Au temps passé quant Nature me fist En ce monde venir, elle me mist Premierement tout en la gouvernance D'une Dame qu'on appeloit Enfance; En lui faisant estroit commandement De me nourrir, et garder tendrement, Sans point souffrir soing ou merencolie, Aucunement me tenir compaignie; Dont elle fist loyaument son devoir; Remercier l'en doy pour dire voir.
En cest estat, par ung temps me nourry, Et apres ce, quant je fu enforcy, Ung messaigier qui Aage s'appella, Une lectre de creance bailla A Enfance, de par Dame Nature, Et si lui dist que plus la nourriture De moy n'auroit, et que Dame Jeunesse Me nourriroit, et seroit ma maistresse; Ainsi du tout Enfance delaissay, Et avecques Jeunesse m'en alay.

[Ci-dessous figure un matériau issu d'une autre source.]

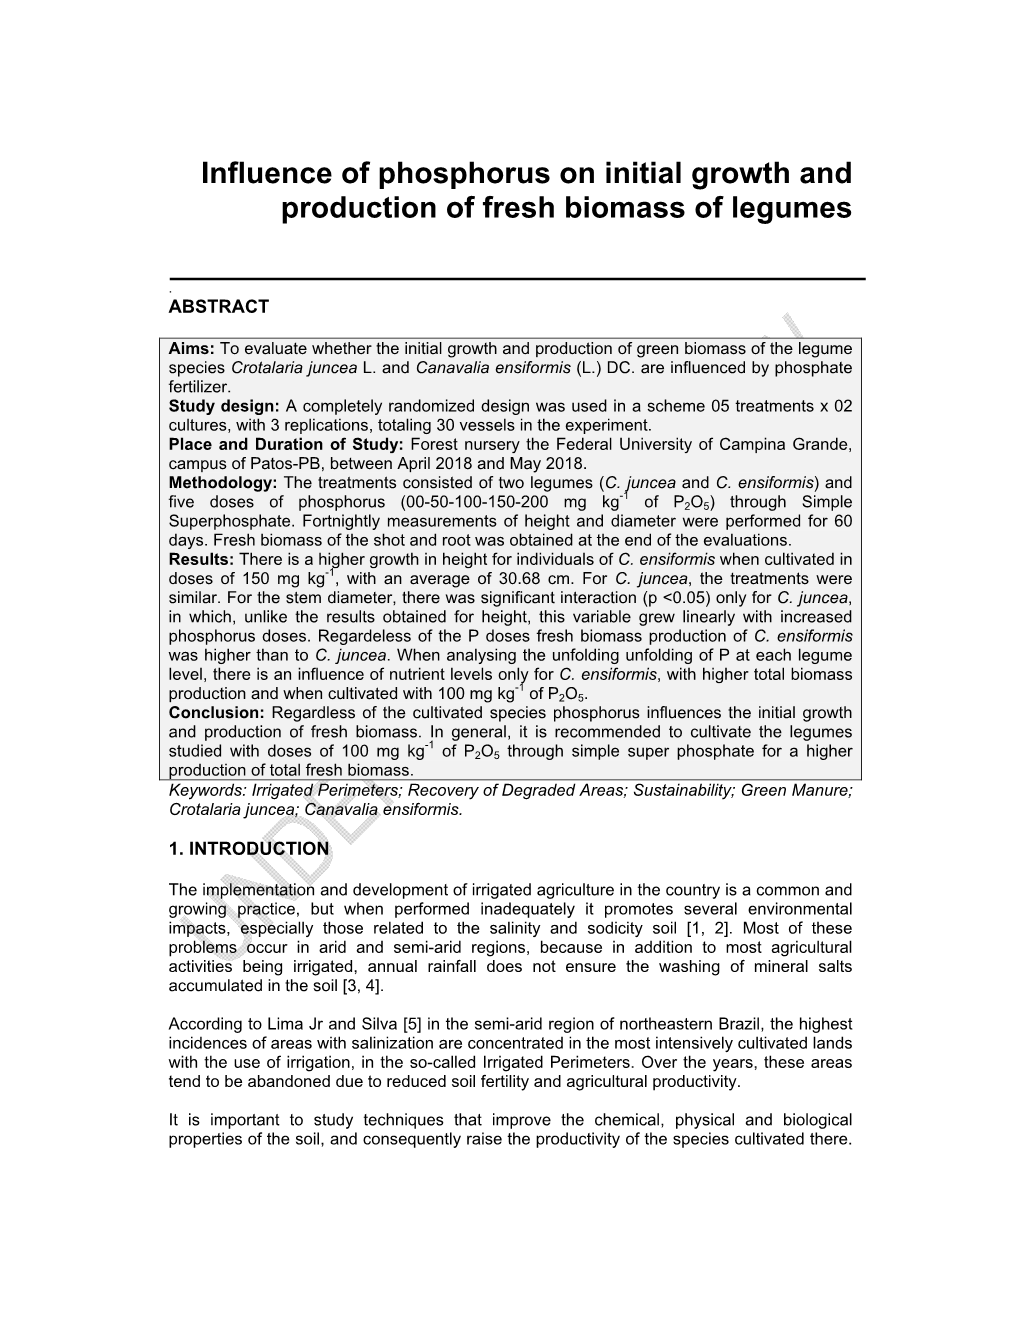 Influence of Phosphorus on Initial Growth and Production of Fresh Biomass of Legumes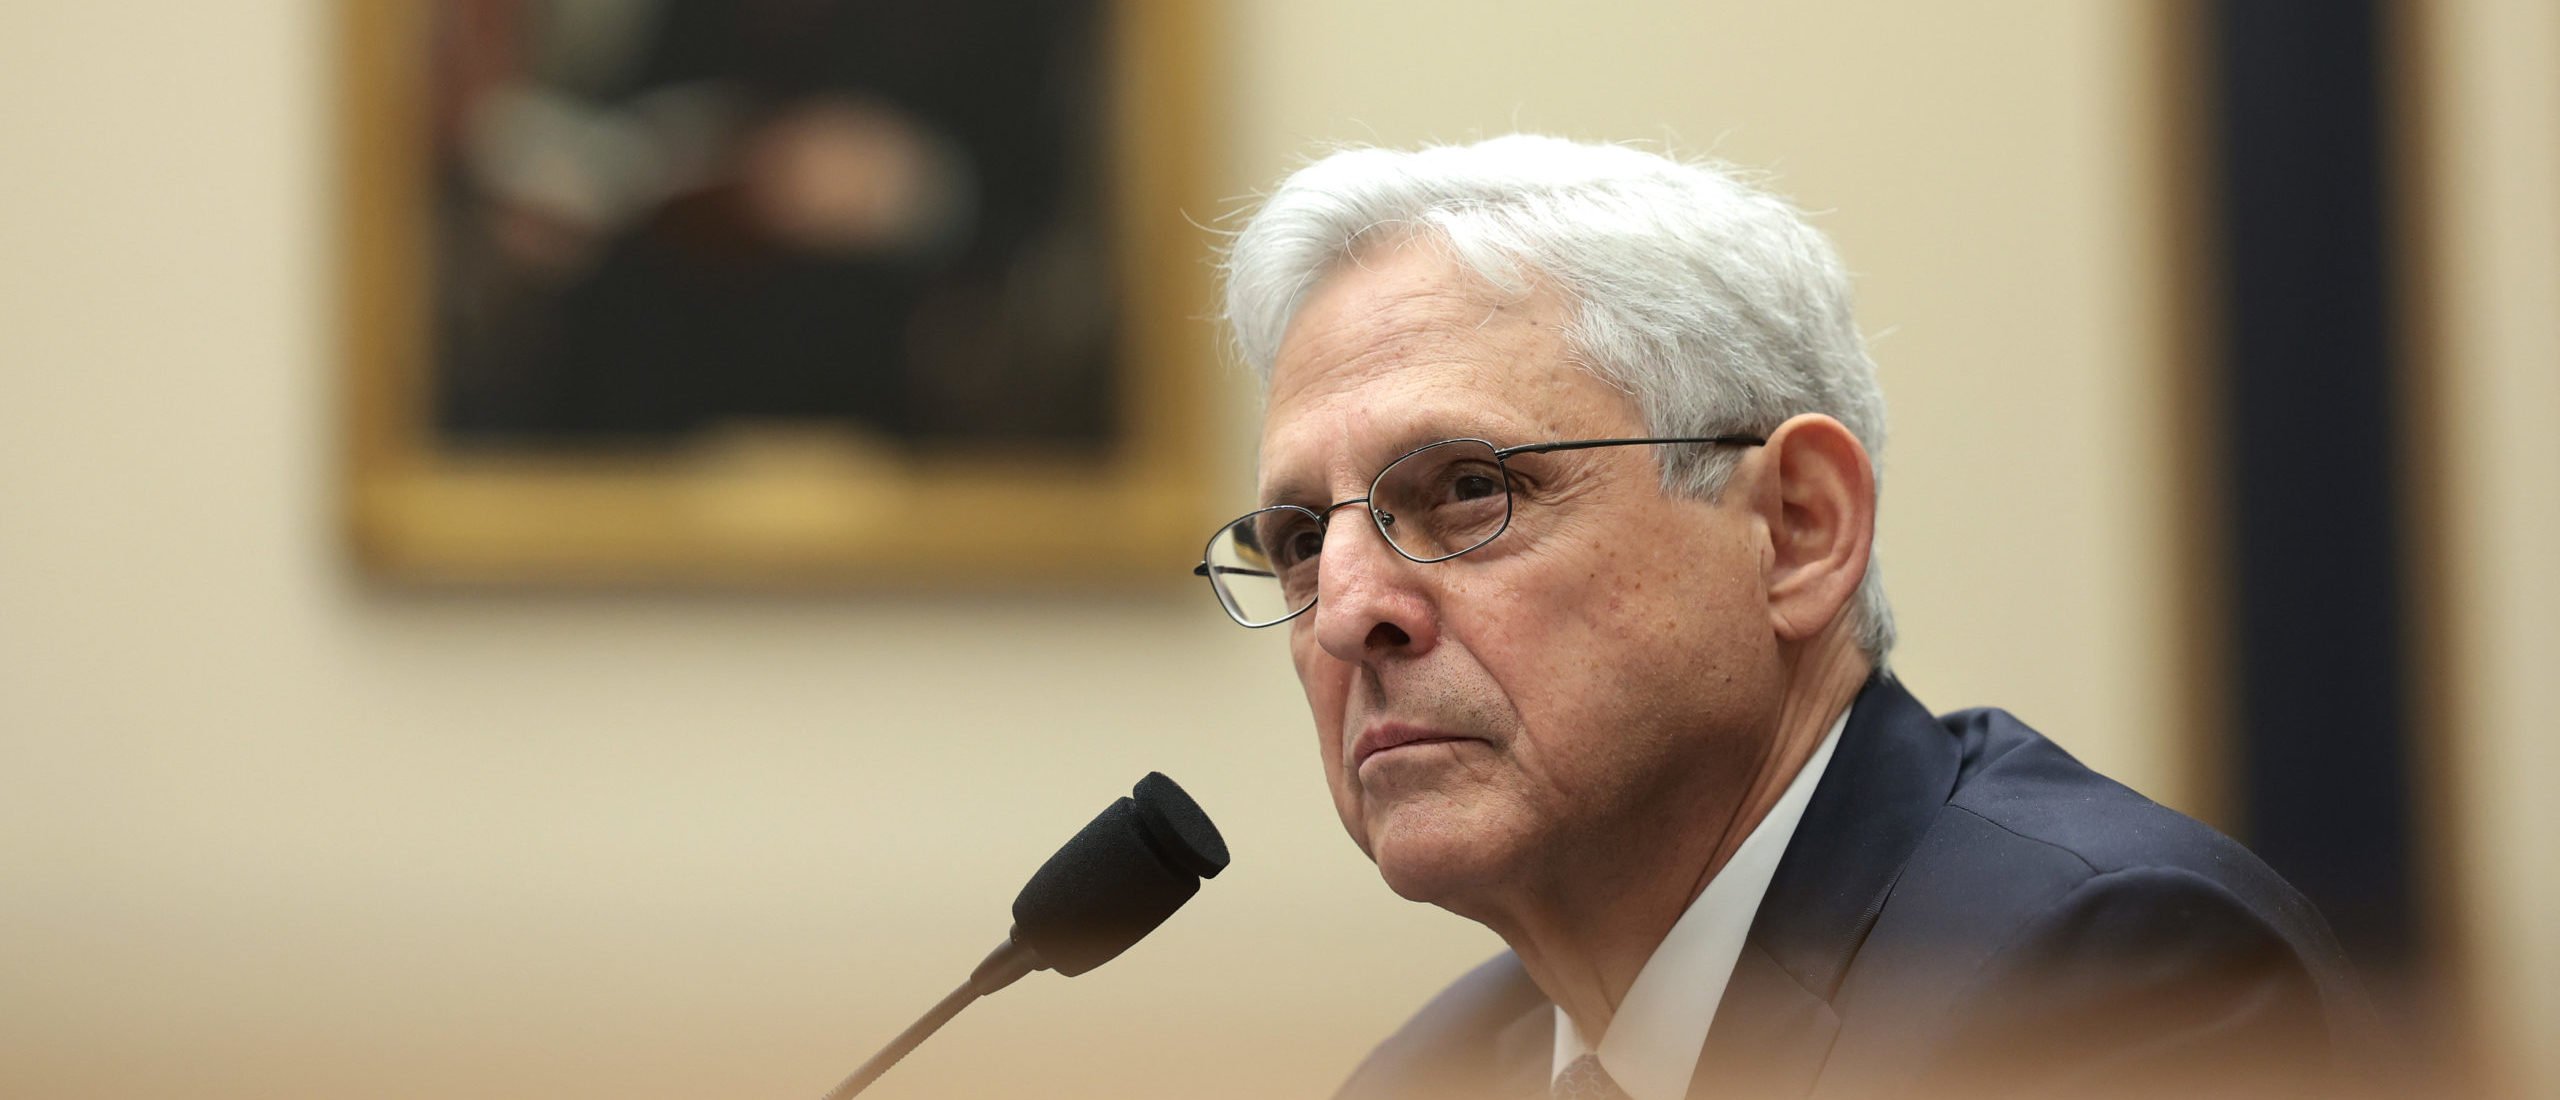 WASHINGTON, DC - SEPTEMBER 20: U.S. Attorney General Merrick Garland testifies before the House Judiciary Committee in the Rayburn House Office Building on September 20, 2023 in Washington, DC. The committee is holding an oversight hearing on the U.S. Department of Justice. (Photo by Win McNamee/Getty Images)

Quant Jeunesse me tint en sa maison, Ung peu avant la nouvelle saison, En ma chambre s'en vint ung bien matin, Et m'esveilla le jour saint Valentin, En me disant: Tu dors trop longuement, Esveille toy, et aprestes briefment, Car je te vueil avecques moy mener Vers ung seigneur dont te fault acointer, Lequel me tient sa servante tres chiere; Il nous fera, sans faillir, bonne chiere.
Je respondy: Maistresse gracieuse, De lye cueur et voulenté joyeuse, Vostre vouloir suy content d'acomplir; Mais humblement je vous vueil requerir Qu'il vous plaise le nom de moy nommer De ce seigneur dont je vous oy parler, Car s'ainsi est que sienne vous tenez, Sien estre vueil, se le me commandez; Et en tous faiz vous savez que desire Vous ensuir, sans en riens contredire.
Puis qu'ainsy est, dist elle, mon enfant, Que de savoir son nom desirez tant, Saichiez de vray que c'est le Dieu d'amours Que j'ay servy, et serviray tousjours, Car de pieca suy de sa retenue, Et de ses gens, et de lui bien congneue, Oncques ne vis maison, jour de ta vie, De plaisans gens si largement remplie; Je te feray avoir d'eulx acointance, Là trouverons de tous biens habondance.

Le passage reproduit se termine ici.